As originally aired on The Rochester Press Box
In 1988, Stan Cliburn began his managerial career with the Watertown Pirates of the New York-Penn League. I was there.
The NYP was entry level, teams began their seasons in June. There were thirty under Cliburn’s command and his first act as manager was to line up his players between home and third. He had them crawl across the infield. Hands and knees. Picking up stones to help get the Duffy Fairgrounds Field into playing shape. And there was Stan, behind the action, arms crossed, proclaiming, “Welcome to professional baseball boys.” A moment in time.
Of the thirty big-league Wanna-Be’s in Watertown that afternoon, 26 faded into athletic obscurity. Just four played in the major leagues. Among them Tim Wakefield. Wakefield was an infielder who couldn’t hit. His salvation was a knuckleball that got him to the majors as a pitcher where he won 200 games over nineteen seasons for Pittsburgh and Boston. He was a two-time World Series champion and is in the Red Sox Hall of Fame.

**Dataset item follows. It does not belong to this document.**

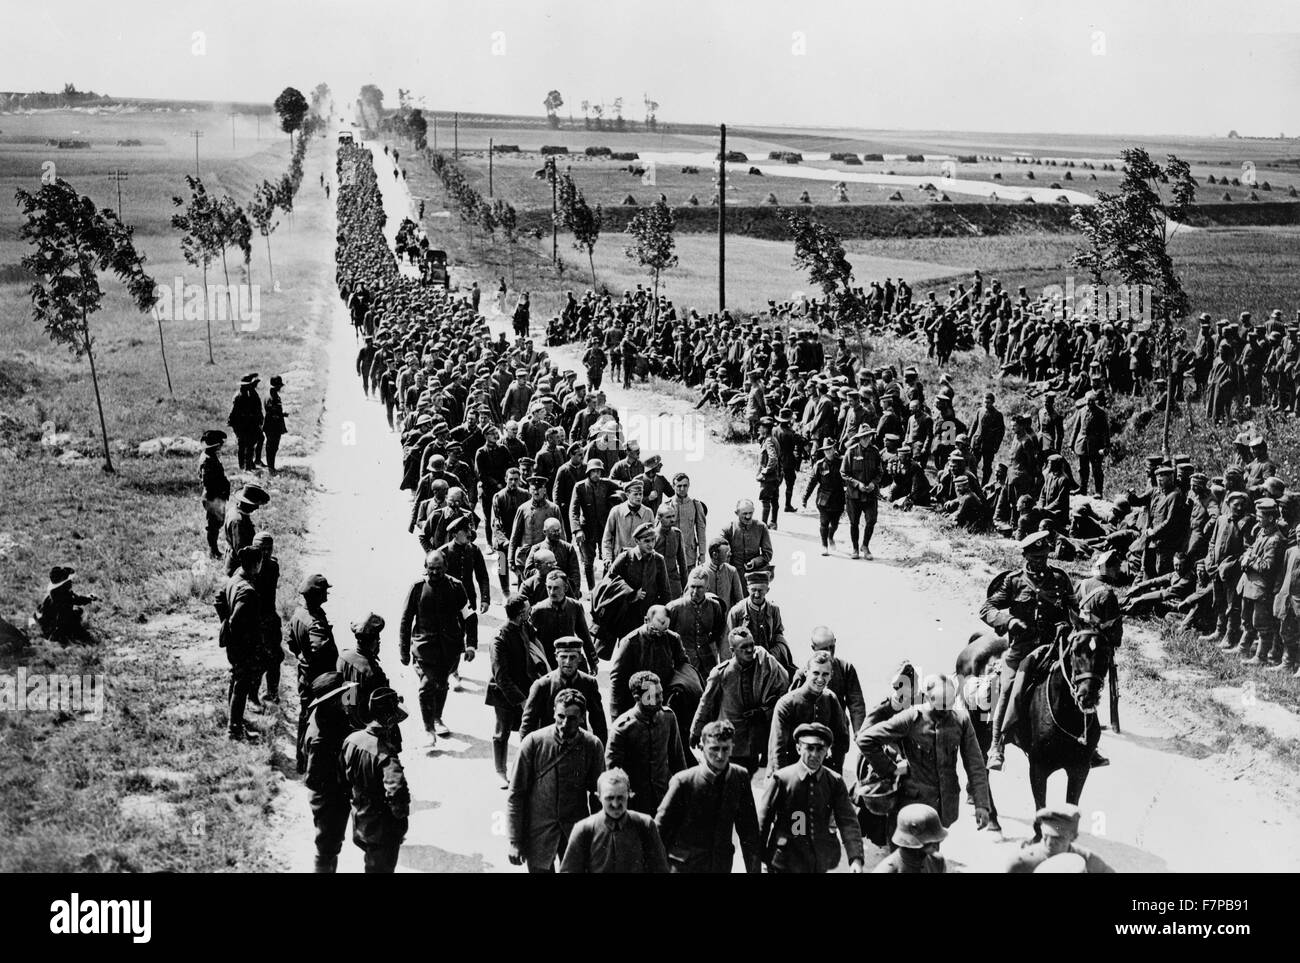 Official photographic print taken on the British Western Front in France. German prisoners in batches of 1,000 arriving at a prisoners of war cage. Photograph of a long line of German soldiers, prisoners of war, walking along roadway, somewhere in France. Stock Photo

I’d like to say I remember Wakefield. I do know he was one of the thirty crawling across the field that day, at the direction of Cliburn. Whose own managerial career led him through Rochester on his way to over nineteen hundred minor league wins. He ranks seventeenth all time. He’s still at it, managing the Southern Maryland Blue Crabs. Wakefield is gone. A cancer victim at 57 earlier this month.
A legendary Hall of Fame-worthy teammate. A manager beginning an historic career. And me. Together on a chunked-up field in Watertown, NY., thirty-five years ago. A moment in time.